By comparing the measured data of German, American, Japanese, and domestic DG-DG1215 pressure transmitters (test conditions: 25℃±1℃, 60%RH), it was found that the key differences mainly exist in three dimensions: first, response time, with imported products averaging 2.8ms, while the version manufactured locally in Xixian New Area reaches 3.2ms; second, overload capacity, where the domestic model maintains a linearity error of ≤0.15% under 150% full-scale pressure, better than the 0.2% of imported products; finally, EMC performance, where all samples passed the IEC61000-4-3 standard test, but the domestic version showed a +3dB margin advantage in the RF immunity test. It is worth noting that the Hastelloy C diaphragm used in the domestic capacitive pressure transmitter EJA120A demonstrated corrosion resistance equivalent to imported products in highly corrosive media tests.

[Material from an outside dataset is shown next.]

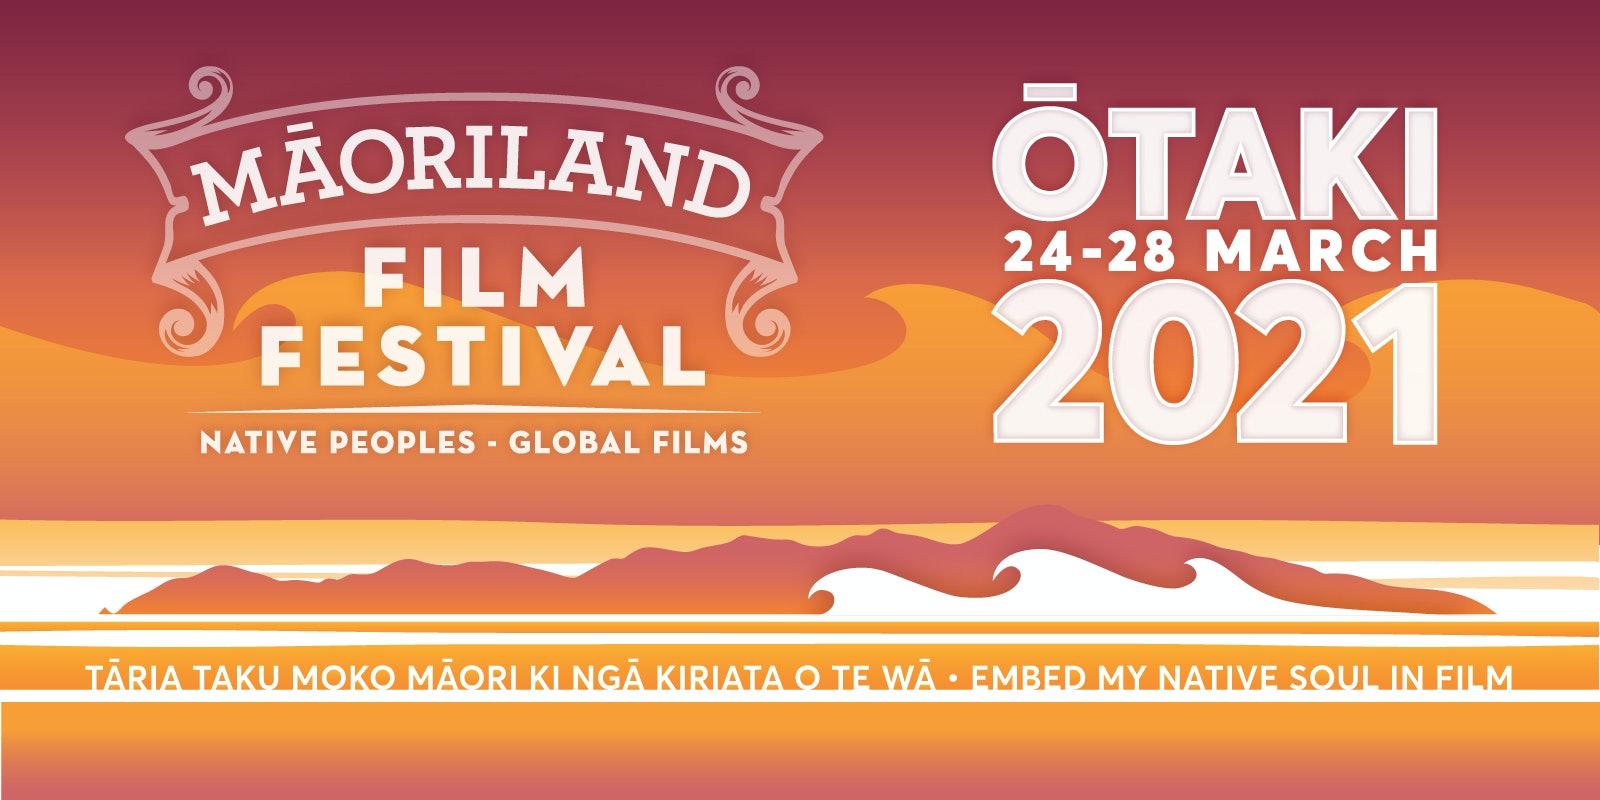 MAORILAND FILM FESTIVAL 2021 Tikiti ta Koha

III. Five Key Technical Evaluation Points for Procurement Decisions

To meet the professional needs of technical evaluators, it is recommended to establish an evaluation matrix from the following dimensions: 1) turndown ratio (40:1 is the industry watershed); 2) static pressure effect (required to be ≤0.5%FS/10MPa); 3) long-term drift (≤±0.15%FS over 6 months); 4) explosion-proof certification (ExdⅡCT6 is a mandatory requirement in the petrochemical industry); 5) communication protocols (compatibility with HART7.0 and FF fieldbus). Taking the power industry as an example, the PMT-PMT102 pressure transmitter used in a certain ultra-supercritical unit project achieved a measured accuracy of ±0.075% in range 8 (0-10MPa), fully meeting the requirements of the ASME PTC19.2 standard.

IV. Industry Application Scenarios and Technical Adaptation Solutions

In high-temperature environments (>80℃) in the metallurgical industry, it is recommended to give priority to the TS-TS202 model with a high-temperature heat dissipation fin, which uses an alumina ceramic sensor manufactured with a special sintering process, with an upper operating temperature limit of up to 150℃. For SIL2-certified scenarios in the petrochemical industry, the safety barrier design of the CEMPX-CEMPX215 series certified by TÜV can achieve a dangerous failure probability of <1E-9/h. In the customized solution provided by Xi'an Shenghongchuang for the Shaanxi Coal Group project, the diaphragm material of the HP-31D pressure transmitter was upgraded to Monel alloy, successfully coping with harsh operating conditions with a Cl- concentration of 50,000ppm.

V. Why Choose Our Professional Services

As a national high-tech enterprise, we have three core technical patents (patent numbers: ZL2018101432.X, etc.), and our production base is equipped with a German CPK process control system to ensure that every YM-1 pressure transmitter leaving the factory has a CPK value of ≥1.67. To address difficult issues in technical evaluation, we provide: 1) free 48-hour limit testing of samples; 2) verification through third-party CNAS inspection reports; 3) exclusive 1-to-1 technical consulting services for the industry. Contact us now to obtain the Pressure Transmitter Selection White Paper and comparative test videos of DG-DG1215 and EJA120A.

VI. Answers to Common Technical Questions

Q: How to choose between diffused silicon and ceramic capacitive technology?
A: Diffused silicon is more suitable for micro-pressure measurement (<6kPa), while capacitive technology has advantages in high-pressure applications (>10MPa). Our EJA120A high-precision intelligent differential pressure transmitter uses composite sensing technology to maintain ±0.075% accuracy across the full range from 0.16kPa-10MPa.

Q: What is the impact of the installation position on measurement accuracy?
A: According to the ISO/TR 12764 standard, it is recommended to install the PMT-PMT120 on a vertical pipe section with vibration <2g. If installed horizontally, a static pressure error compensation of ≤0.25kPa is required. We provide a free calculation tool for installation orientation compensation coefficients.

Q: How to verify the true place of origin of the sensor?
A: Verification can be carried out through three methods: 1) matching the chip laser-engraved code with the customs declaration form; 2) querying the raw material batch traceability system; 3) observing the silicon lattice structure through SEM scanning. All our products can provide a complete chain of certificates of origin.